Answers From Experienced Employment Law Attorneys

You have many questions about your rights and your legal options for protecting and asserting them. At Blanchard & Walker, we have the answers you are looking for and a track record of achieving results for employees in Ann Arbor and throughout Michigan.
Here are some answers to some of the most frequently asked employment law questions.


“Can I be fired for taking medical leave?”

If you work for a company with 50 or more employees and you have been employed for at least 12 months, you may be eligible to take up to 12 weeks of protected time off under the Family and Medical Leave Act (“FMLA”). This does not entitle you to paid leave, but it does entitle you to job protection and continuation of benefits while you are on leave. You have a right to be free of retaliation for using FMLA leave, which means that you cannot be fired for exercising your FMLA rights. If you are not eligible for FMLA leave, you may still have the right to take medical leave as a reasonable accommodation under the Americans with Disabilities Act (“ADA”) or the Michigan Persons with Disabilities Civil Rights Act (“PDCRA”), depending on the circumstances of your situation and whether it poses an undue hardship for your employer.

“Can my employer legally terminate me from my job?”

Yes, your employer can likely terminate your position for legal reasons, especially if you are an “at-will” employee. However, there are illegal reasons for termination as well, including discrimination and retaliation.

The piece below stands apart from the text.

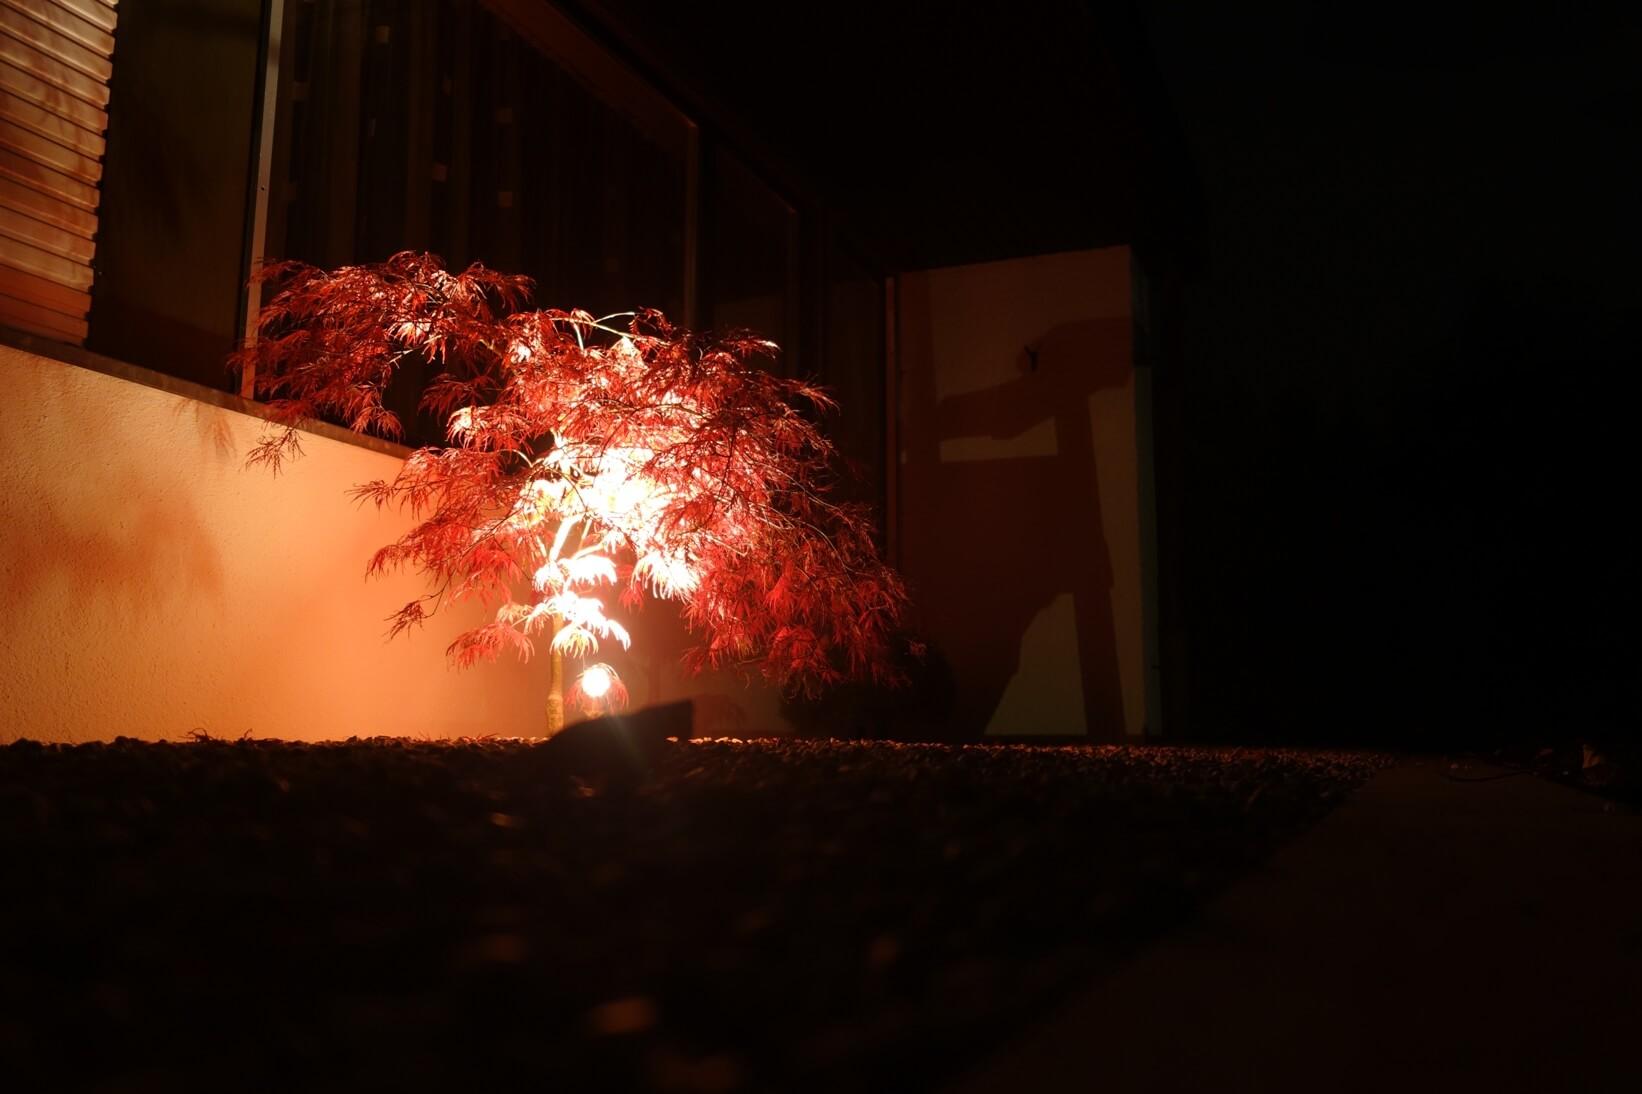 eclairage arbre professionnel aellig paysages lampes illuminer paysagiste tavannes tramelan (2)

An experienced employment law attorney can examine your circumstances and inform you of your legal options.

“What type of accommodations are employers required to provide to employees with disabilities? ”

If you have a serious health condition that is impacting your job, you may be entitled to reasonable accommodations under the Americans with Disabilities Act (“ADA”) or the Michigan Persons with Disabilities Civil Rights Act (“PDCRA”). Reasonable accommodations may include part-time or flex-time schedules, modifying office furniture or equipment, relocating the employee’s workspace (including work-from-home arrangements), job reassignment, short-term leave, and many other things. Employers are not required to provide accommodations that pose an undue hardship. Accommodations must be considered on a case-by-case basis, and the employer is required to engage in an interactive process with the employee to determine how best to accommodate them.

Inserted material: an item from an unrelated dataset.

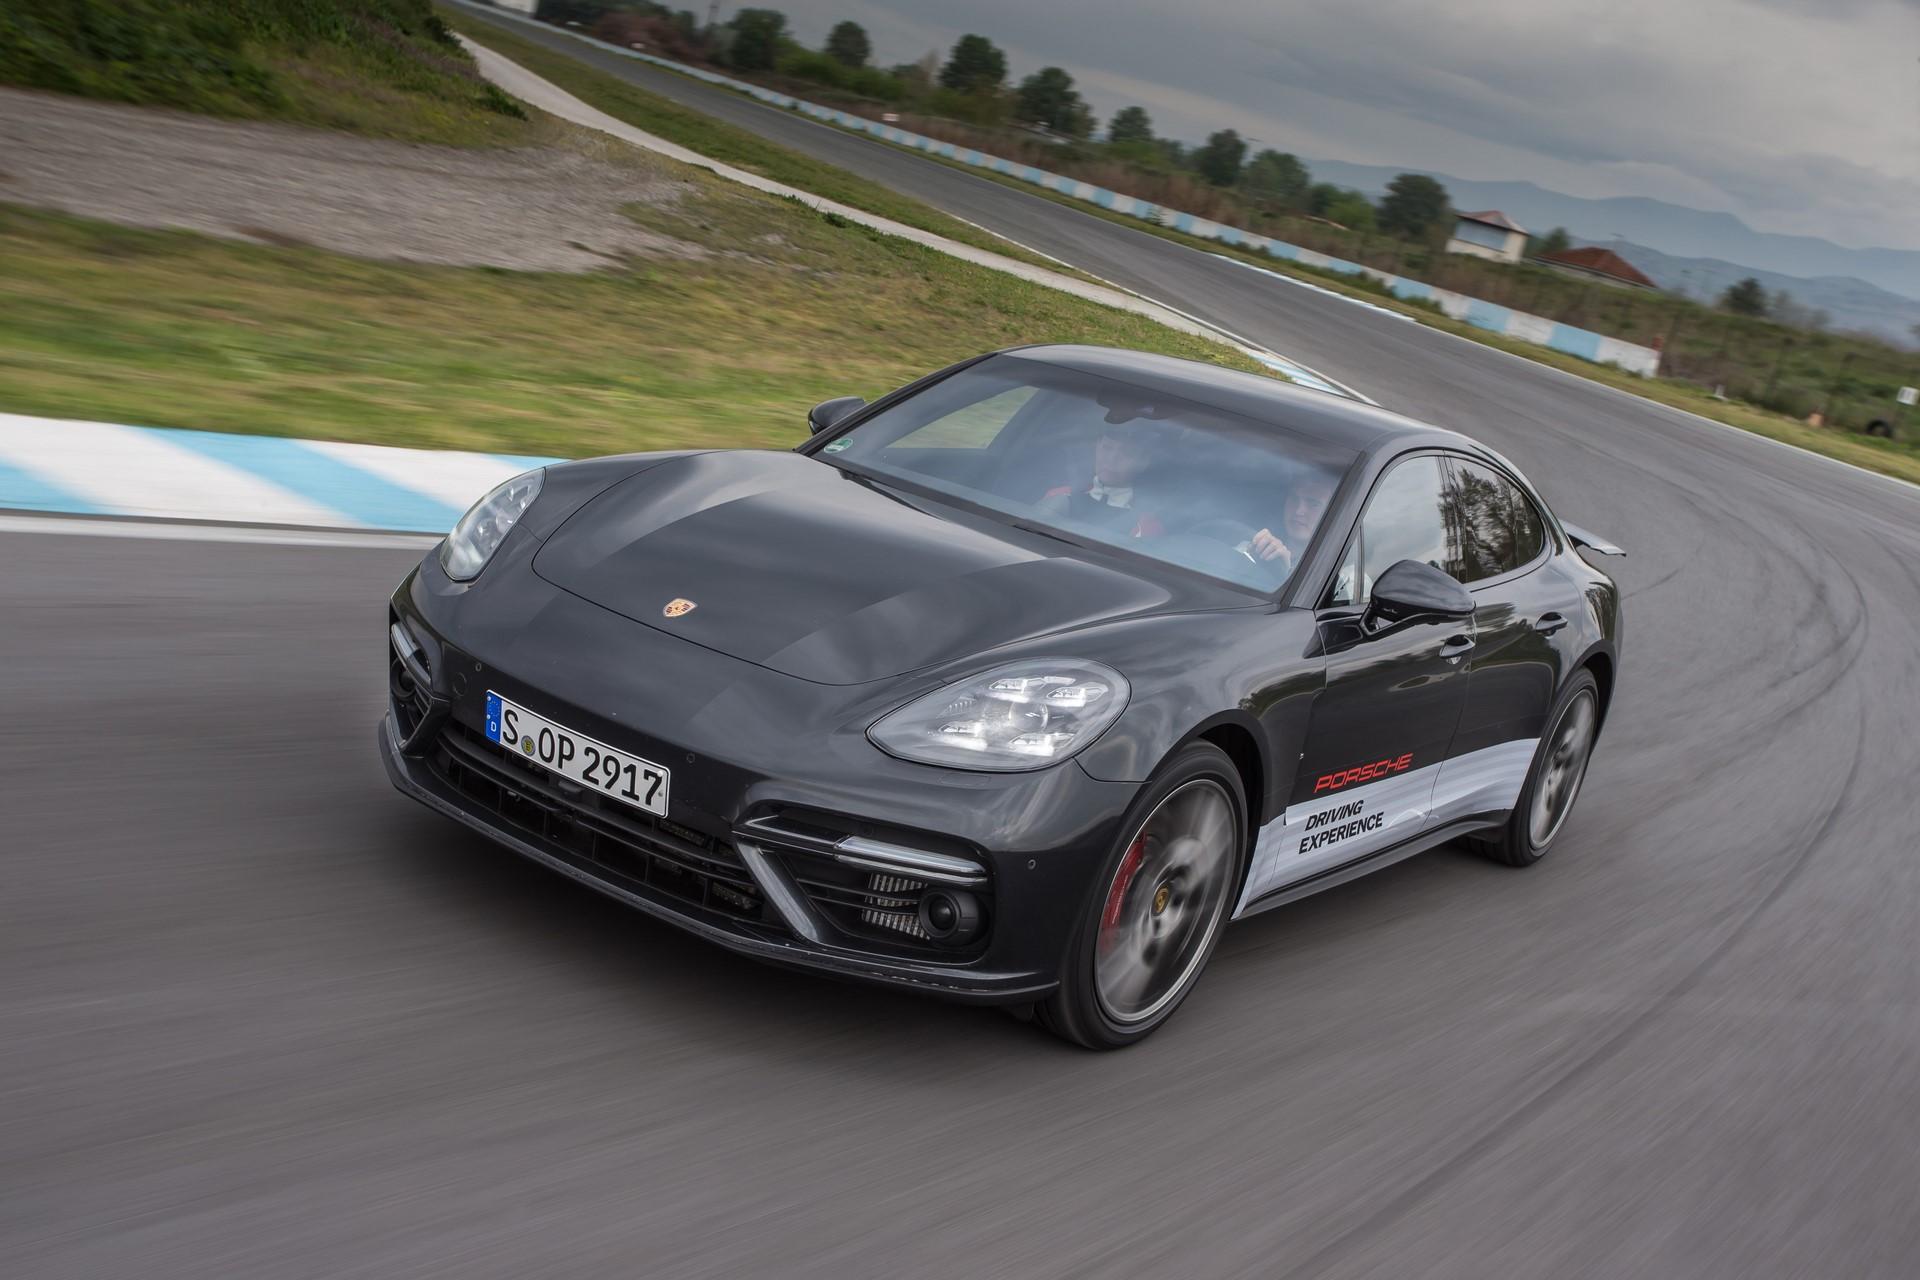 Porsche Driving Experience 2017 Serres (41)

“What is ‘at-will’ employment?”

“At-will” employment refers to the legal nature of your employment. It means that your employer has the right to terminate your employment at any time and for any reason, as long as the reason is not unlawful, such as discrimination based on gender, age, race, disability, whistleblowing, etc. The flip side is that you are also free to leave your job at any time without facing legal consequences. 

“Can I be asked about my health history during a job interview?”

No. According to the Americans with Disabilities Act (“ADA”), employers are not permitted to make pre-employment inquiries about the existence of a disability or the nature or severity of a disability. This applies even if the disability is obvious or if the applicant volunteers information about the disability. Furthermore, an employer may not ask a job applicant to take a medical examination before making a job offer. However, they may ask questions about the prospective employee’s ability to perform specific job functions. Employers may condition a job offer on the satisfactory result of a post-offer medical examination, but only if this is required of all entering employees.

“What can I recover in a lawsuit?”

The potential damages from an employment lawsuit will be based on the damages you have suffered due to an employer’s illegal actions. Lost wages are most commonly awarded in a wrongful termination lawsuit. Damages also can include past and future lost wages as well as the pain and suffering you experienced as a result of their wrongful actions. In certain cases, other penalties may apply. The remedies available will always depend on the specific circumstances and the type of violation alleged.

“Can my employer demote me for taking FMLA leave?”

No. The Family and Medical Leave Act (FMLA) provides employees with up to 12 weeks of unpaid leave for qualifying reasons. Your job is protected during this time off, and you cannot be demoted as retaliation for taking FMLA leave.

“My employer wants me to submit to an independent medical exam. Can I be required to do this?”

It depends on the reason for the request. The Americans with Disabilities Act (“ADA”) requires that all medical examinations or inquiries must be job-related and consistent with business necessity. For instance, employers are permitted to make medical examinations or inquiries where there is evidence of a job performance or safety problem. Also, employers are permitted to make medical examinations or inquiries in order to assess whether an employee needs an accommodation. If the employee provides insufficient documentation from his or her treating physician, the employer may, in some instances, require that the employee submit to an independent medical exam.

“Will their non-compete agreement hold up in court?

It depends on the terms of the non-compete agreement and the circumstances of your employment, among other factors. Sometimes, employers will bluster about suing over a non-compete, while others actually take legal action against past employees. A knowledgeable employment attorney can review your non-compete and inform you of your rights and obligations.